## Exercise brief
What is the number of lines in the entries that contain "Villa"? Reply with that number only.

# # # # # # #

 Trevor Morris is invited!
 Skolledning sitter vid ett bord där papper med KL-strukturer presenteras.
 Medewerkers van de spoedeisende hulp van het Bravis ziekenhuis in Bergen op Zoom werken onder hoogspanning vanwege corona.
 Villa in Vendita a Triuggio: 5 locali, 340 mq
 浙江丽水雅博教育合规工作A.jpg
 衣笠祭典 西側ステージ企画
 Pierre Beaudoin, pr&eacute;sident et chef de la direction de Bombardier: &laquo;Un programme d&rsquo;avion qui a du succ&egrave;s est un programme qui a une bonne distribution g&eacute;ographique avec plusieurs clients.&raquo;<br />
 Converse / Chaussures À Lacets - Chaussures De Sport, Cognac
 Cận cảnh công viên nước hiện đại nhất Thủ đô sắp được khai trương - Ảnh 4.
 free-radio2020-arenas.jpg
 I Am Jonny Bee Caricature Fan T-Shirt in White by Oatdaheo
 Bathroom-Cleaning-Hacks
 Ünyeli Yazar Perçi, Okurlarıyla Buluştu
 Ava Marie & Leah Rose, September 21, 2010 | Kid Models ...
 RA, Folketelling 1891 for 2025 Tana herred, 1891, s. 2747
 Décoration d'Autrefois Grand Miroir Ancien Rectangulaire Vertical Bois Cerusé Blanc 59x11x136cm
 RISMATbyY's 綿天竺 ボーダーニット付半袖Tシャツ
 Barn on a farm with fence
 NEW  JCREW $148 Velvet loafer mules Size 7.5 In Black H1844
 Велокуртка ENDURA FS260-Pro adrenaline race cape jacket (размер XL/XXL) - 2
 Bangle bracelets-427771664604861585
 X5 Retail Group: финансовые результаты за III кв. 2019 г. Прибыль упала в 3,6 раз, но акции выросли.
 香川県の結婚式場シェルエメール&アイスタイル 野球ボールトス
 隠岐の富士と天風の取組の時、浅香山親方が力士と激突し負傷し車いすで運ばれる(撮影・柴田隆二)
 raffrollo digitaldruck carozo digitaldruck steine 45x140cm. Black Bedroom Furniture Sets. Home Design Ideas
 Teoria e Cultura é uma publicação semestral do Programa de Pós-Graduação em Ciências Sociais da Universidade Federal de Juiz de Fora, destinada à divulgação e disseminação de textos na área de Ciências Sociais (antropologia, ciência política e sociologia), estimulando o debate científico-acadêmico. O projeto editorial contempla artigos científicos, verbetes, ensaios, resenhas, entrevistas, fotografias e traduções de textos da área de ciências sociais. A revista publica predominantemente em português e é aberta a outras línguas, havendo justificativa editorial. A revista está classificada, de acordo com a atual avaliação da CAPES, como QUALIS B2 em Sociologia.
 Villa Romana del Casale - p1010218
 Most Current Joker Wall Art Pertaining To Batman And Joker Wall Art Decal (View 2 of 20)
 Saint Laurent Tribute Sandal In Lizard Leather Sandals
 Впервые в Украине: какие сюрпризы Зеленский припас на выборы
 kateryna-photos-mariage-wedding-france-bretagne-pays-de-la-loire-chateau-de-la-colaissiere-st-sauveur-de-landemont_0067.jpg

# # # # # # #

## Solved problem
2